Under the Big Top
Circuses and Sideshows
It was always a holiday when the circus came to town, and the travelling menageries, whether real or a hoax; fascinated Canadians of all ages.  Death defying acts, two headed dogs, fire-eaters and sword swallowers; all captivated their audiences, and even the Native Canadians enjoyed a good circus, or 'Freak Show' as they often turned out to be.
For weeks in advance, colourful posters could be seen about town, generating excitement as everyone anxiously awaited it's arrival.  There were usually two shows a day, for the admission price of 50 cents per show, relatively high for the period; but they always packed them in. 
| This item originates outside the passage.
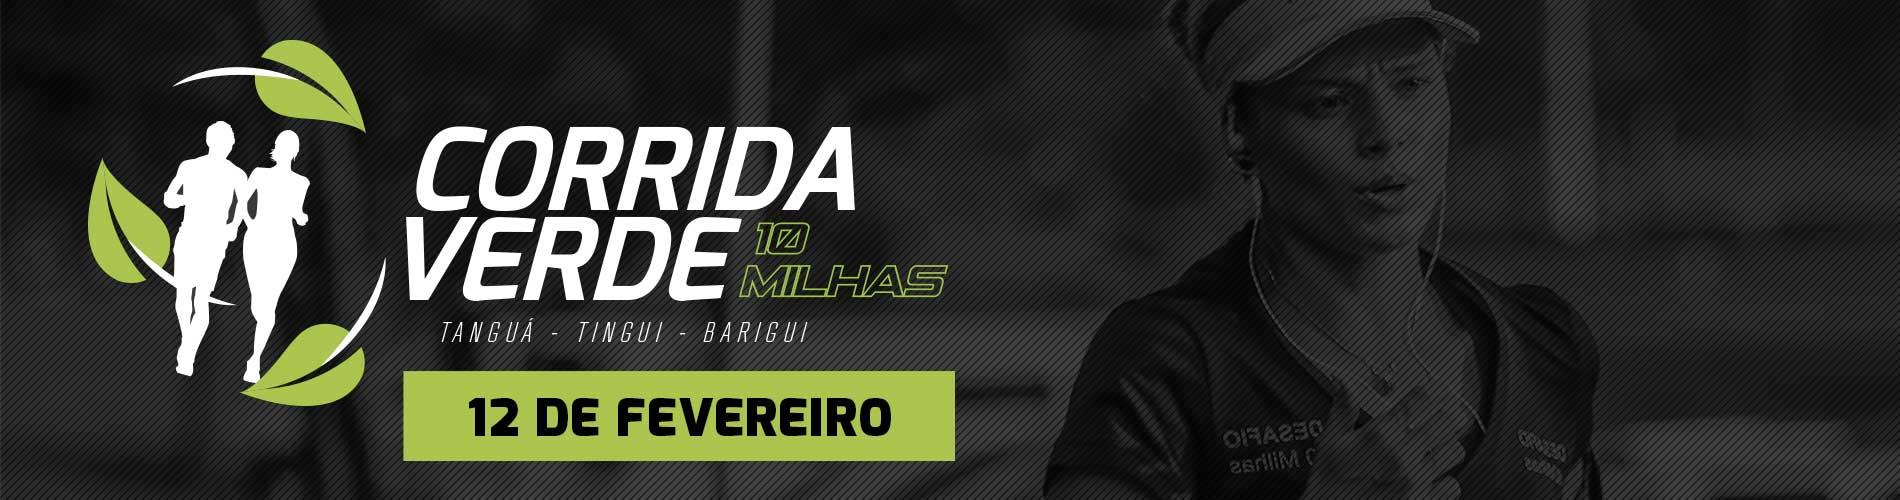 CORRIDA VERDE - DESAFIO 10 MILHAS - 2017

Favourites were General Tom Thumb and the beloved elephant Jumbo, whose images appeared on post-cards, cans, advertisements, trade cards and on all kinds of products.
Aside from the circus, there was a constant procession of travelling theatrical groups; playing at inns and taverns, when there was no theatre; and winter evenings were filled with lecturers from England, France and the United States, their talks ranging from mesmerism to the new electricity, spiritualism, photography, and the popular 'science' of phrenology.
Mr. and Mrs. Tom Thumb
Phrenology was the fad of assessing a person's abilities and personality by examining the bumps on their skull, and many books and magazines of the period provided charts showing the bumps and their attributes, for those who wished to try this in the privacy of their own parlour. Even medical men employed this examination to diagnose patients, and travelling professors of phrenology always had a full house, especially after Queen Victoria herself had her son's head examined (no pun intended) to see why he was not more like his father.
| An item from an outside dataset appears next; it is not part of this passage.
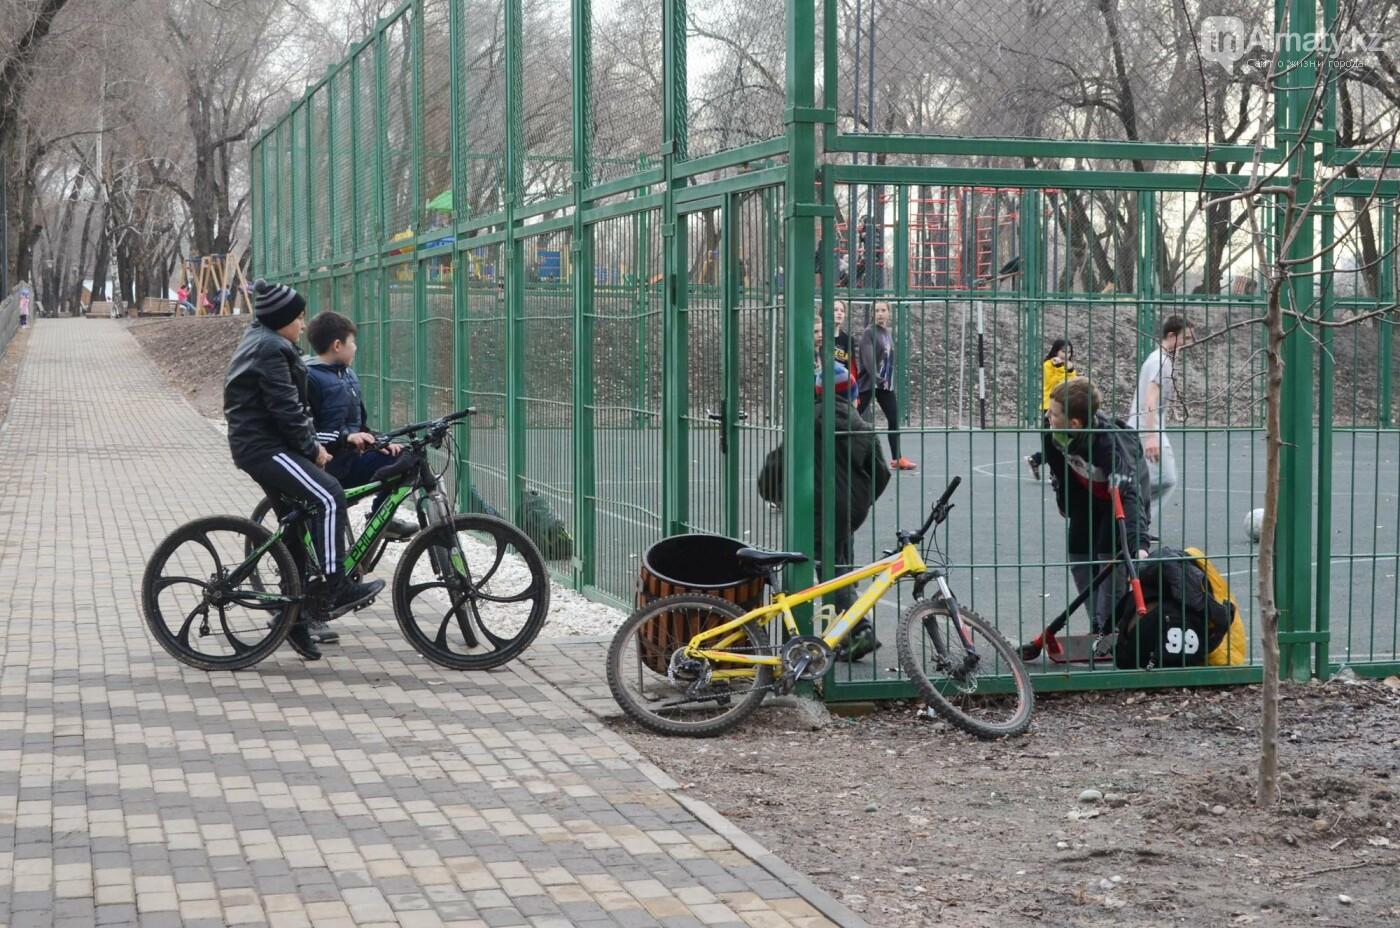 Как преобразился сквер «Шухова» в Медеуском районе Алматы после реконструкции, фото-13

Another popular event that created a lot of hype beforehand, was the annual Agricultural Fair, which was a means of spreading new ideas on husbandry, to improve stock, and to introduce the machines that were gradually making an appearance.  Associated with this were flower shows, seed competitions and exhibitions; displays of spinning, weaving, blankets, shawls, carpeting and counterpanes. There was livestock and "pedlars with Yankee notions" and of course, no fair would be complete without the 'Medicine Men'.

They also, always had a huge wheel of cheese on display, made of the finest milk obtainable, and one such fair in 1853, had a cheese wheel weighing seven hundredweight, "not made of 'double skimmed sky-blue', but of milk of the richest quality, which, from its size and appearance, might have feasted all the rats and mice in the province for the next twelve months".  (Life in the Clearing Susanna Moodie

Sights like this, inspired the poet James McIntyre of Ingersoll, Ontario, who in the 1880's tells of a monster wheel that eventually went to London where it astounded everyone; and that was before the days of refrigeration:
"To prove the wealth that here abounds
One cheese weighed, eight thousand pounds
Had it been hung in air at noon
Folks would have thought it was the moon,
It sailed with triumph o'er the seas,
'Twas hailed with welcome, queen of cheese."